Design: Trellis Patterns

Prerequisites

None.

Context

Trellis is a distributed system for aggregating, processing, and distributing organizational data. Services communicate exclusively over NATS.

This document establishes the top-level cross-cutting system patterns for:

service boundaries
communication patterns
platform boundaries
the relationship between subsystem-specific pattern docs

Detailed coding, storage, type-system, observability, frontend, and capability guidance is split into companion documents.

Architecture

Service Categories

Category	Purpose	Examples
Infrastructure	Platform capabilities for all services	Auth, Jobs
Ingest	Pull external data, emit domain events	Zendesk, FoodLogiQ
Repository	Persist and query domain data	Graph, Search
Processing	Transform, enrich, derive knowledge	Classification
Egress	Push data to external systems	Laserfiche

Categories describe primary responsibility.
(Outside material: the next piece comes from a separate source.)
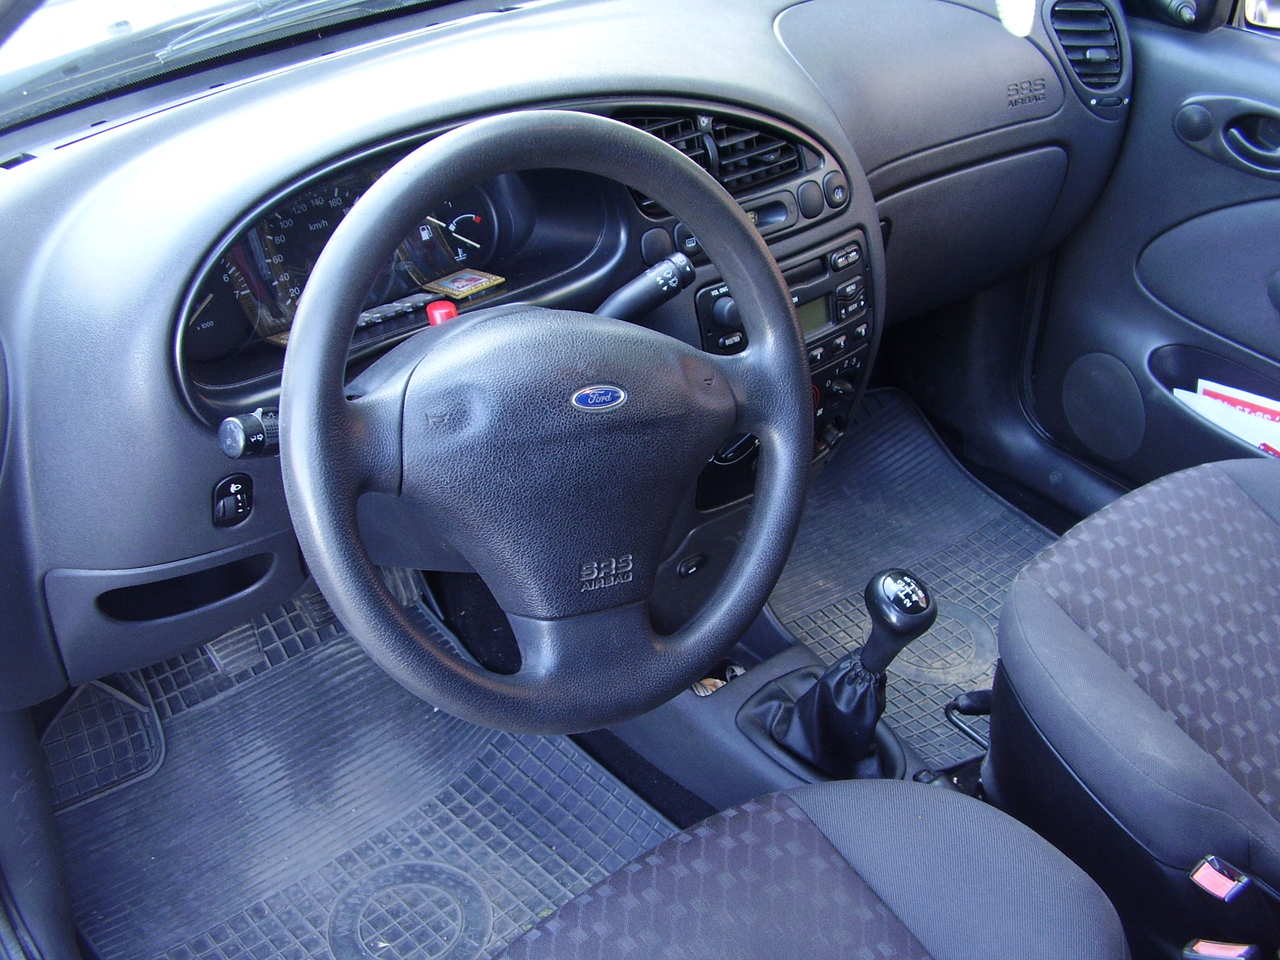 2001 Ford Fiesta specs, Engine size 1300cm3, Fuel type Gasoline, Drive

Any service may still subscribe to events for cache invalidation or local state.

Platform Boundary

Trellis platform code and cloud/domain code are intentionally separate.

Rules:

the Trellis platform repo owns protocol/runtime libraries, the trellis runtime service, jobs, Trellis-owned contracts, and contract tooling
cloud repos own domain services, domain contracts, apps, and domain models unless a model is required by a Trellis-owned contract or shared Trellis runtime library
@qlever-llc/trellis is a runtime library, not a central registry for every service API
service APIs are defined with the service that owns them and consumed through contract packages

Communication Patterns

Events

Events announce state changes. Publishers fire and forget.

Subject naming:

events.v1.<Domain>.<...tokens>

Examples:

events.v1.Partner.Changed.<origin>.<id>
events.v1.Identity.Changed.<origin>.<id>
events.v1.Document.Uploaded.<contentType>.<partnerId>

Rules:

add subject tokens only when consumers need selective subscription and the cardinality is bounded and stable
token order matters; put the most-filtered tokens first
event handlers must be idempotent because delivery is at-least-once
direct event publish is the default; use a prepared event and service-owned outbox only when event publication must be coupled to service-local durable state
outbox dispatch MAY use a process-local wakeup helper to reduce latency, but the wakeup MUST happen after the outbox write commits; enqueueing a row inside a transaction must not directly publish work that can later roll back
consumers should use an inbox only for handlers that are not naturally idempotent
SQL services own migrations and transactions for local state, outbox rows, and inbox rows; NATS KV inbox/outbox helpers provide durable dedupe/queue storage but are not transactional with unrelated database side effects
process-local outbox wakeups are latency optimizations only; durable retry and recovery still depend on persisted outbox state and an explicit dispatch or recovery scan
a prepared event transport record MUST NOT duplicate the publisher’s contract id or contract digest
event subscribe permissions are event-type gates, not per-entity ACLs; do not encode user-owned object lists into Trellis runtime permissions

Feeds

Feeds expose caller-visible live views that are authorized by the owning service. They are request/reply streams: a caller requests a feed with typed input, and the service emits typed frames to the caller’s reply inbox.

Subject naming:

feeds.v1.<Domain>.<LiveView>

Examples:

feeds.v1.Device.Events
feeds.v1.Audit.Feed
feeds.v1.Inspection.Updates

Rules:

use feeds when normal apps need reactive UI updates filtered by application authorization, such as devices visible to the logged-in user
feed subjects are request subjects, not raw event subjects
the service owns fine-grained authorization against the authenticated caller, feed input, and every emitted frame
normal apps that use feeds do not receive raw events.v1.* subscribe permissions for the backing domain events
feeds are live streams, not durable operations; use operations when the caller needs resumable workflow state or terminal completion

RPCs

RPCs query data or perform bounded synchronous operations. Caller-visible long-running workflows use operations.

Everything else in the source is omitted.